31 January 2012

South Sudan: Tensions Rise Amidst Kidnappings

Photo: Fred Noy
South Sudan and Sudan have agreed to start the border demarcation process.

Khartoum — Tension is growing in the border between Sudan and the new South Sudan as governments of the two states accuse each other of attacks.

The governments in Khartoum and Juba are throwing accusations of supporting the rebels operating in their territories.

"Militants from the State of Unity have penetrated to Warrap and attacked people who were grazing, killing more than 40." the Minister of the Interior of Southern Sudan, Alison Manani Magaya has said.

"These militias are armed by the Khartoum government," added the Minister.

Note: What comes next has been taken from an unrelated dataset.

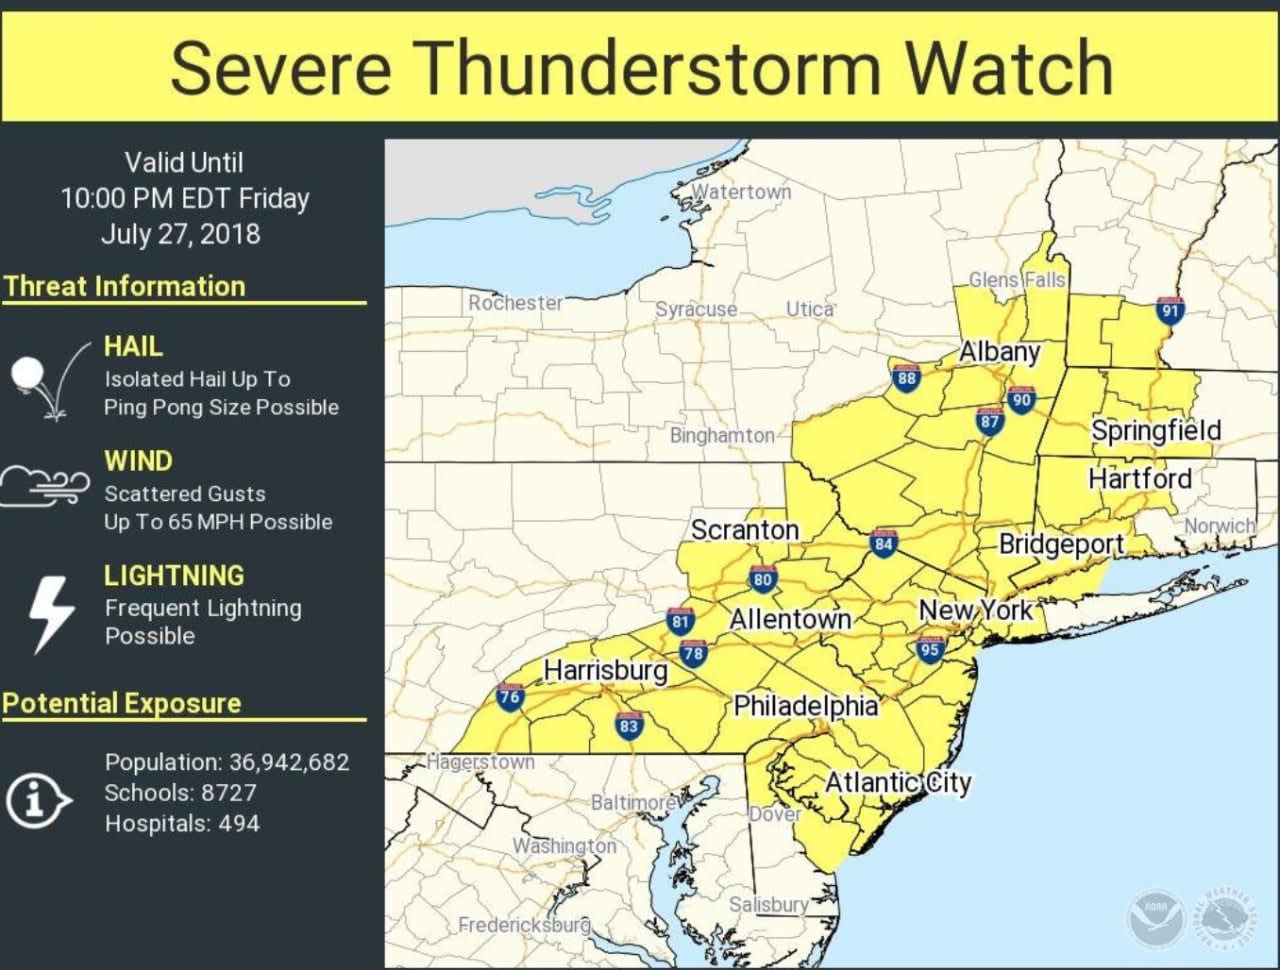 A look at the areas where the Severe Thunderstorm Watch is in effect.

According to Sudan Catholic Radio, Bol Makueng, Secretary for Information of the Movement for the Liberation of the People of Sudan (SPLM), the ruling party in South Sudan, has accused authorities in Khartoum of allowing south Sudanese militias to recruit people in its territory to attack civilians in southern Sudan, Darfur and South Kordofan.

According to the leader of the SPLM, some of the recruits are trained as suicide bombers to carry out attacks against government officials in southern Sudan.

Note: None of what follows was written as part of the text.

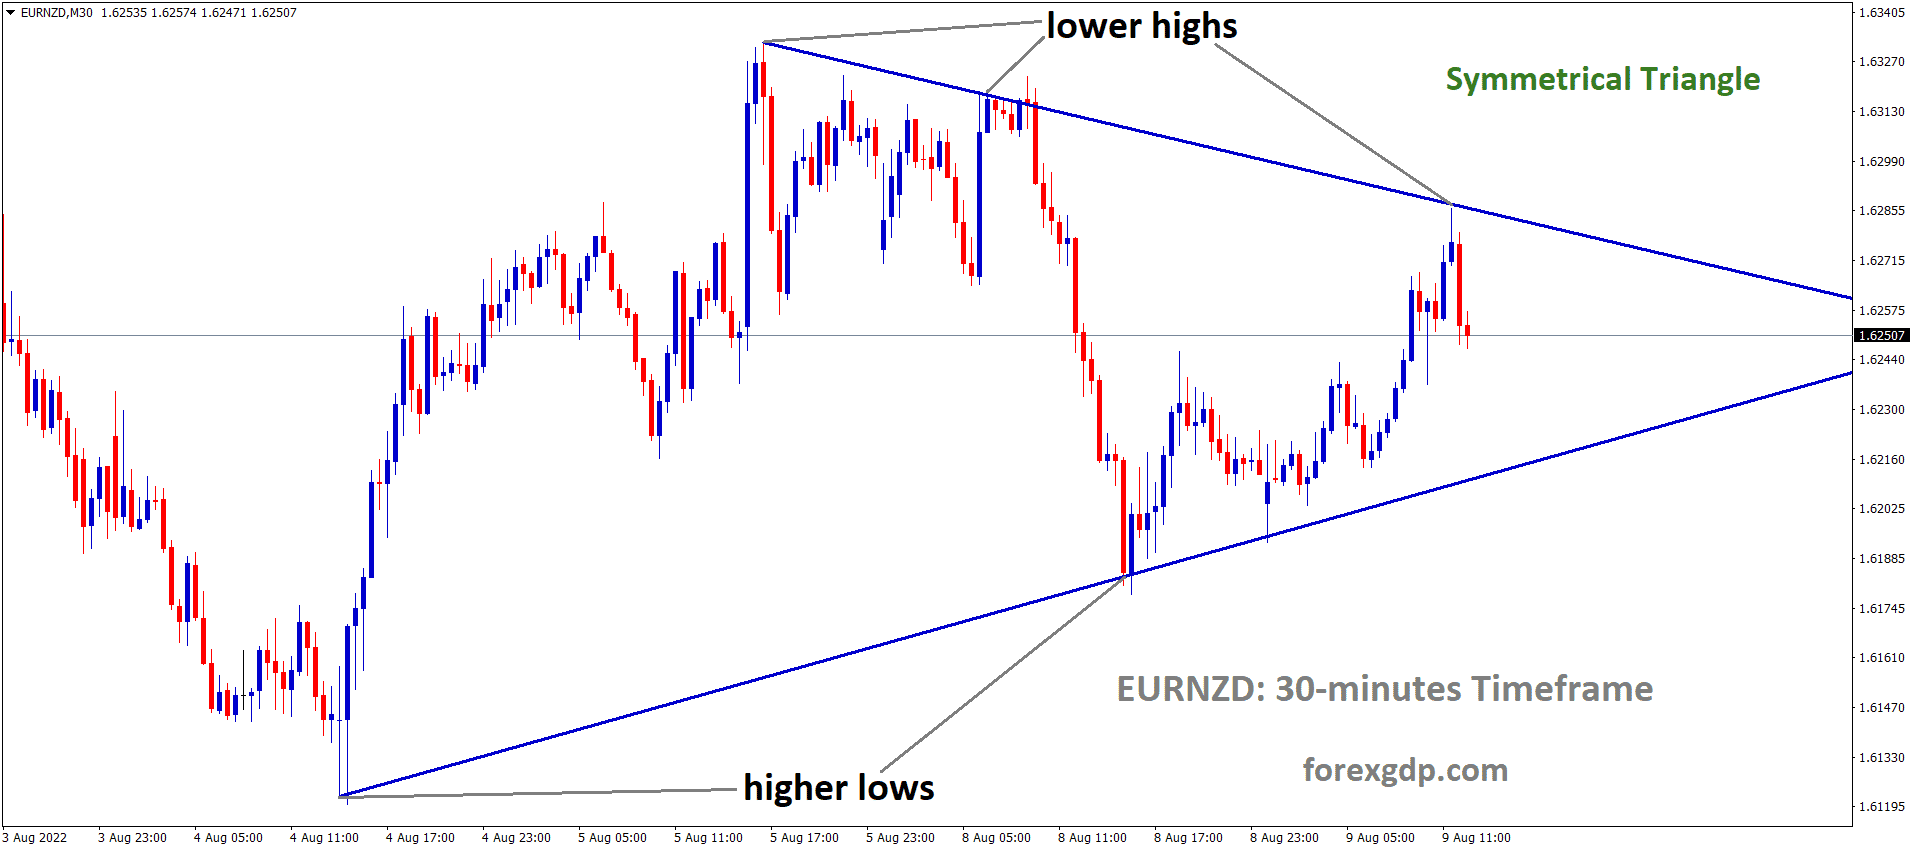 EURNZD is moving in the symmetrical triangle pattern and the market has fallen from the Top area of the pattern

Khartoum, accuses in turn Juba, saying it helps the guerrillas operating in Darfur, Blue Nile and Southern Kordofan.

In the latter State about 50 Chinese workers have been kidnapped.

The crisis is linked to the division of oil revenues, extracted from southern Sudan and exported through the infrastructure of Sudan remains.

Khartoum has called for more rights concerning the passage of its crude oil along the pipeline, which Juba rejects.

Beijing, which is the largest purchaser of local oil, is trying to mediate between the parties involved.